Sharp took transfers from Imperial County, but also reserved space for other hospitals with transfer patients and emergencies among San Diego County’s own residents, said Janet Hanley, chief nursing information officer for Sharp.

Meantime, El Centro Regional Medical Center in Imperial County continued to struggle.

In an email to state officials on June 10, El Centro CEO Adolphe Edward noted that Huntington Beach Hospital in Orange County said it wouldn’t accept two emergency-room patients without prior authorization.

One of those patients was Norma Lopez, 56 years old, who arrived at El Centro’s emergency room with a fever, having trouble breathing and speaking, she said. She tested positive for Covid-19.

With no room at El Centro, her doctor told her she would need to be transferred to continue to get supplemental oxygen, her family said.
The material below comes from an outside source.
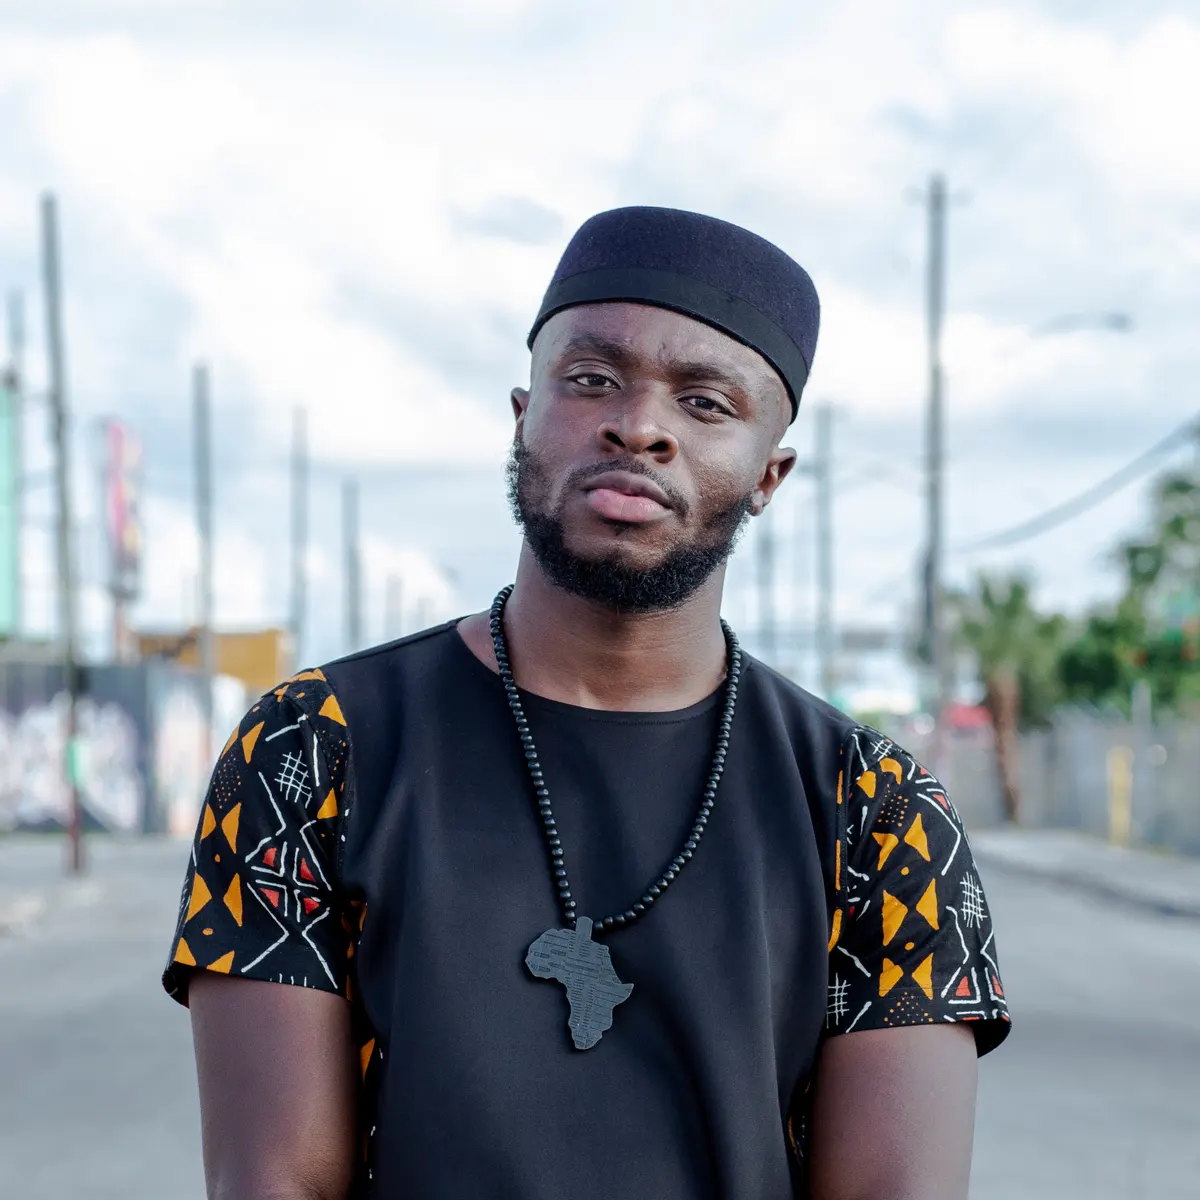 Fuse ODG Plans To Launch Educational App For African Children

Huntington Beach Hospital in Orange County refused to take her until her insurer preapproved the payments, according to state emails. Three times the staff called a phone number without reaching anyone, the records show. It turned out it was a nonworking number.

Instead, Ms. Lopez, whose oxygen levels had been low but improved, was brought to a temporary alternative-care site at a local community college that had been set up to handle nonserious overflow patients, emails viewed by the Journal show.

Ms. Lopez recovered. But in the five days at the care site, she said she felt really powerless and that she should be at a hospital.

A spokeswoman for Prime Healthcare and the nonprofit Prime Healthcare Foundation, which includes Huntington Beach Hospital, said the patients for which El Centro sought transfers had been stabilized at El Centro. Therefore, federal law protecting access to emergency care no longer applied, she said.

Prime doesn’t delay transfers while waiting for insurance approval, she said. Huntington Beach had limited occupancy at the time, state records show, with one ICU bed and three medical-surgical beds.